Unfortunately, these two important classes of documentation are
independent.
In this talk we describe an iterative, deductive method of linking
source code examples to API documentation. We also present an
implementation of this method, called Baker, that is highly precise
(0.97) and supports both Java and JavaScript. Baker can be used
to enhance traditional API documentation with up-to-date source
code examples; it can also be used to incorporate links to the API
documentation into the code snippets that use the API.
Data Flow Analysis in the Presence of Correlated Calls
Marianna Rapoport
July 21, 2014
This thesis presents a technique to improve the
precision of data-flow analyses on object-oriented programs in
the presence of correlated calls. We say that two method calls
are correlated if they are polymorphic (have multiple targets)
and are invoked on the same object. Correlated calls are
problematic because they can make existing data-flow analyses
consider certain infeasible data-flow paths as valid. This leads
to loss in precision of the analysis solution.

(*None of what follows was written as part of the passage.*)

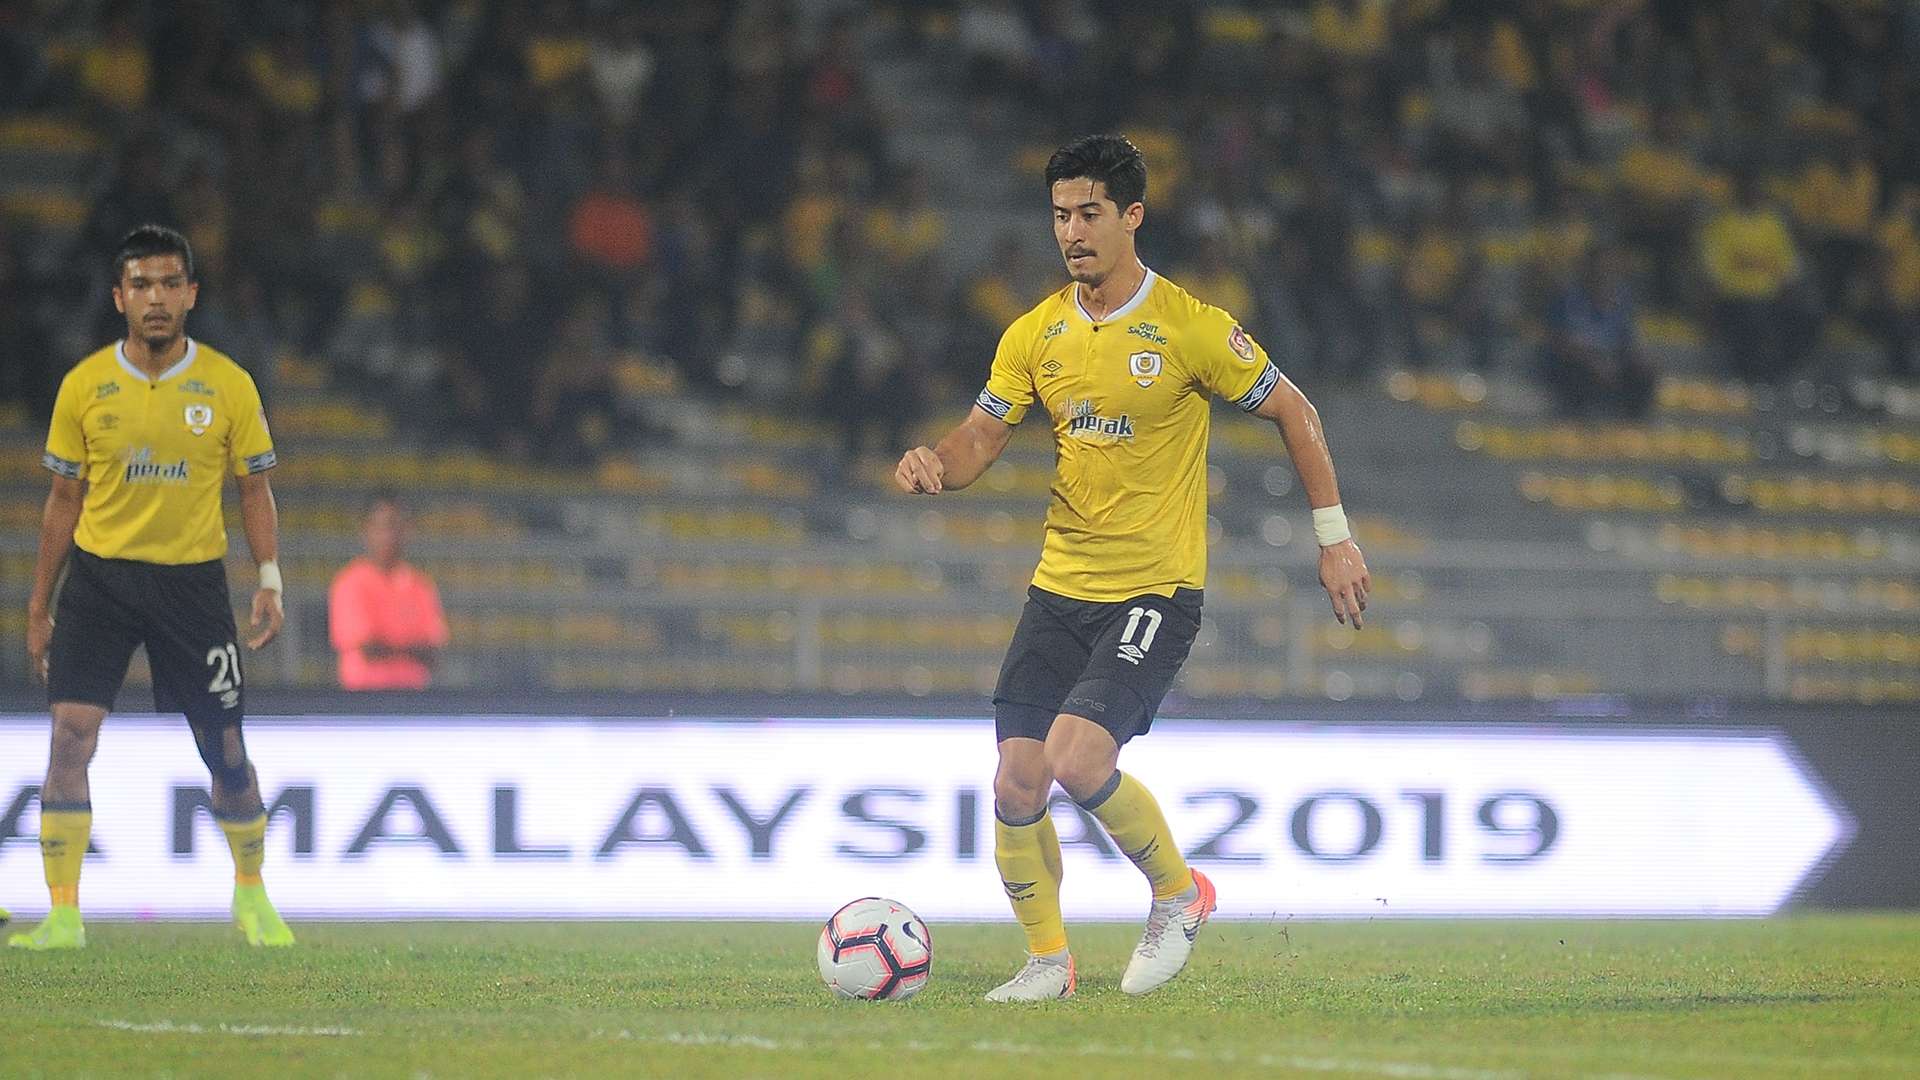 Brendan Gan, Perak v Pulau Pinang, Malaysia Cup, 17 Aug 2019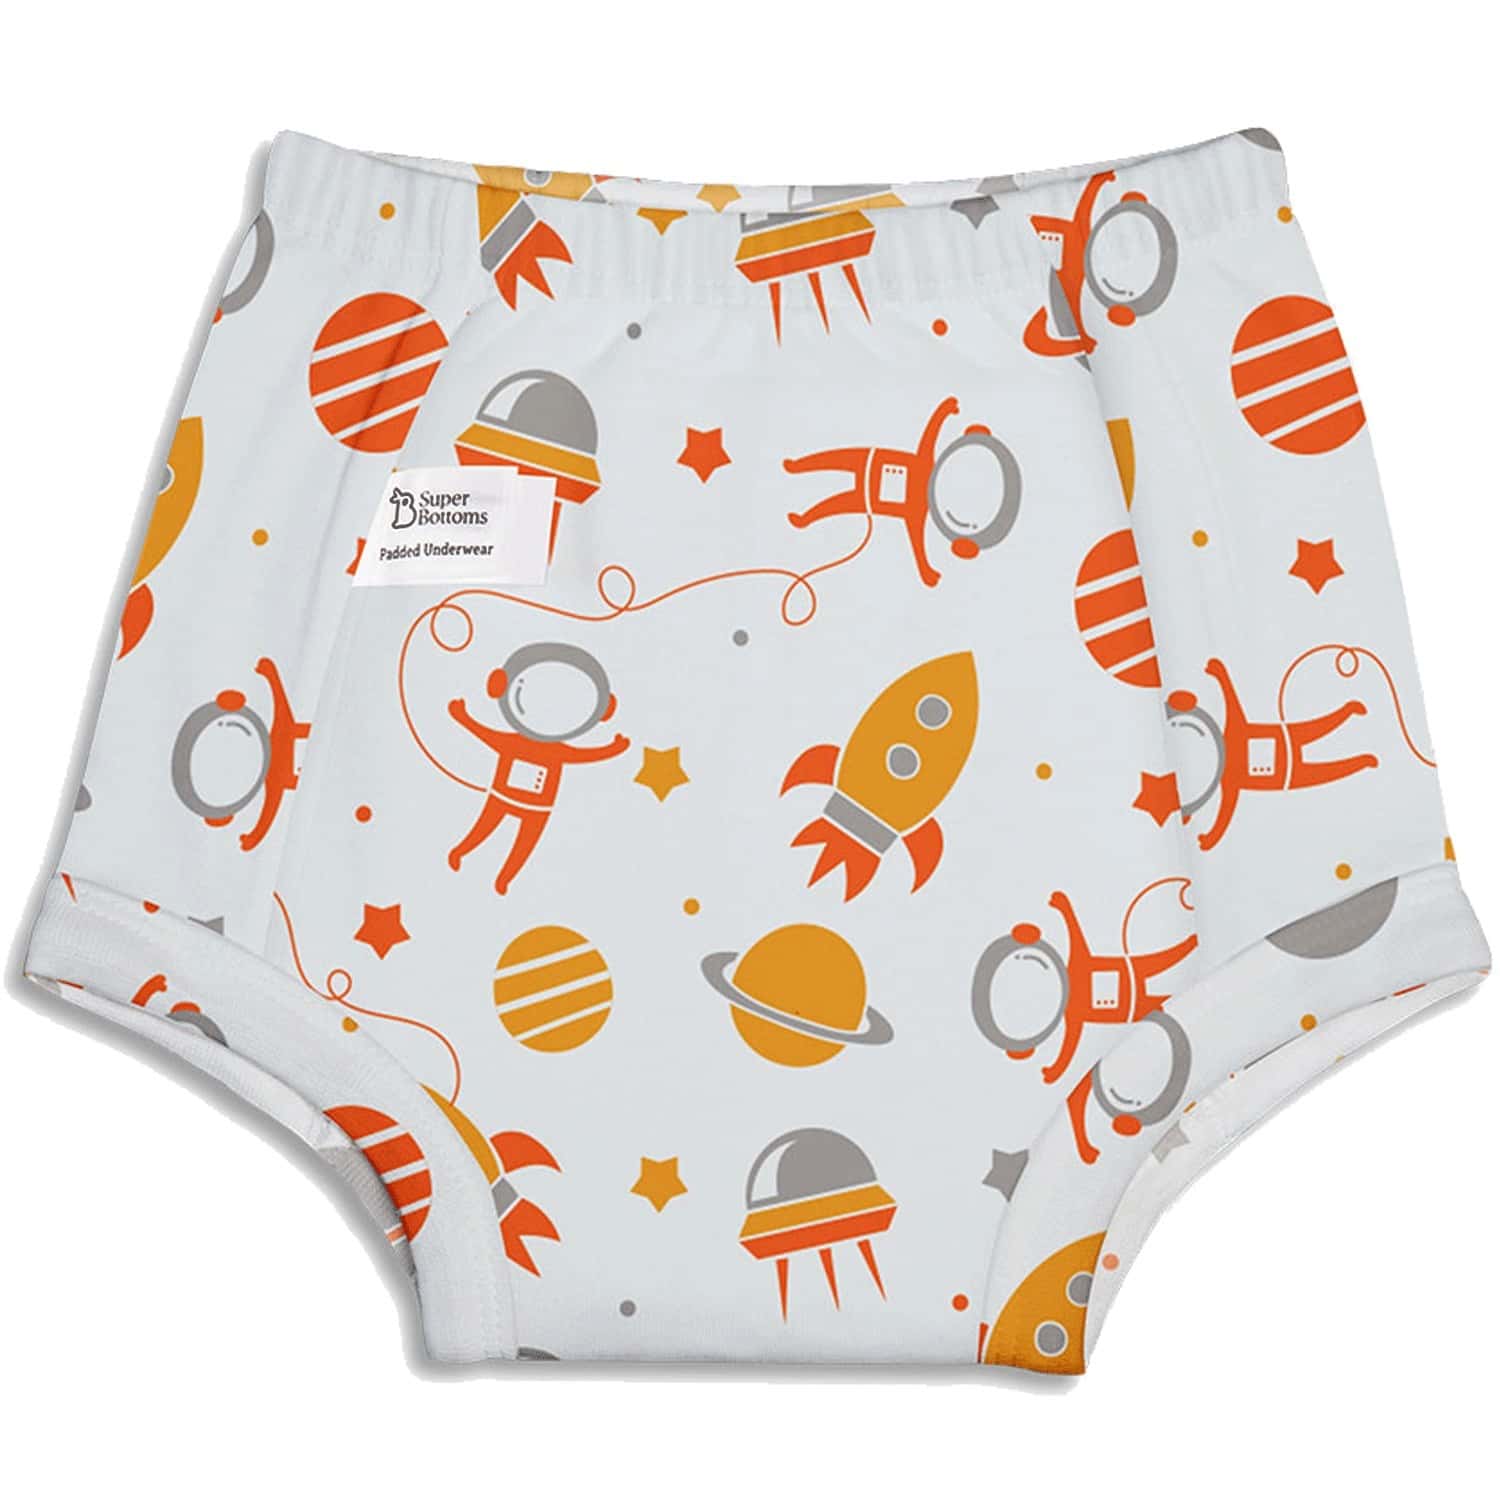 https://medanand.com/wp-content/uploads/2021/12/superbottoms-padded-underwear-pack-of-3-potty-training-pants-100-cotton-star-gazer-size-2-6.2-1632783619.jpg

We show how infeasible paths can be eliminated for Interprocedural Finite Distributive Subset (IFDS) problems, a large class of data-flow analysis problems. We show how the precision of IFDS problems can be improved in the presence of correlated calls, by using the Interprocedural Distributive Environment (IDE) algorithm to eliminate infeasible paths. Using IDE, we eliminate the infeasible paths and obtain a more precise result of the original IFDS problem.
Our analysis is implemented in Scala, using the WALA framework for static program analysis on Java byte code.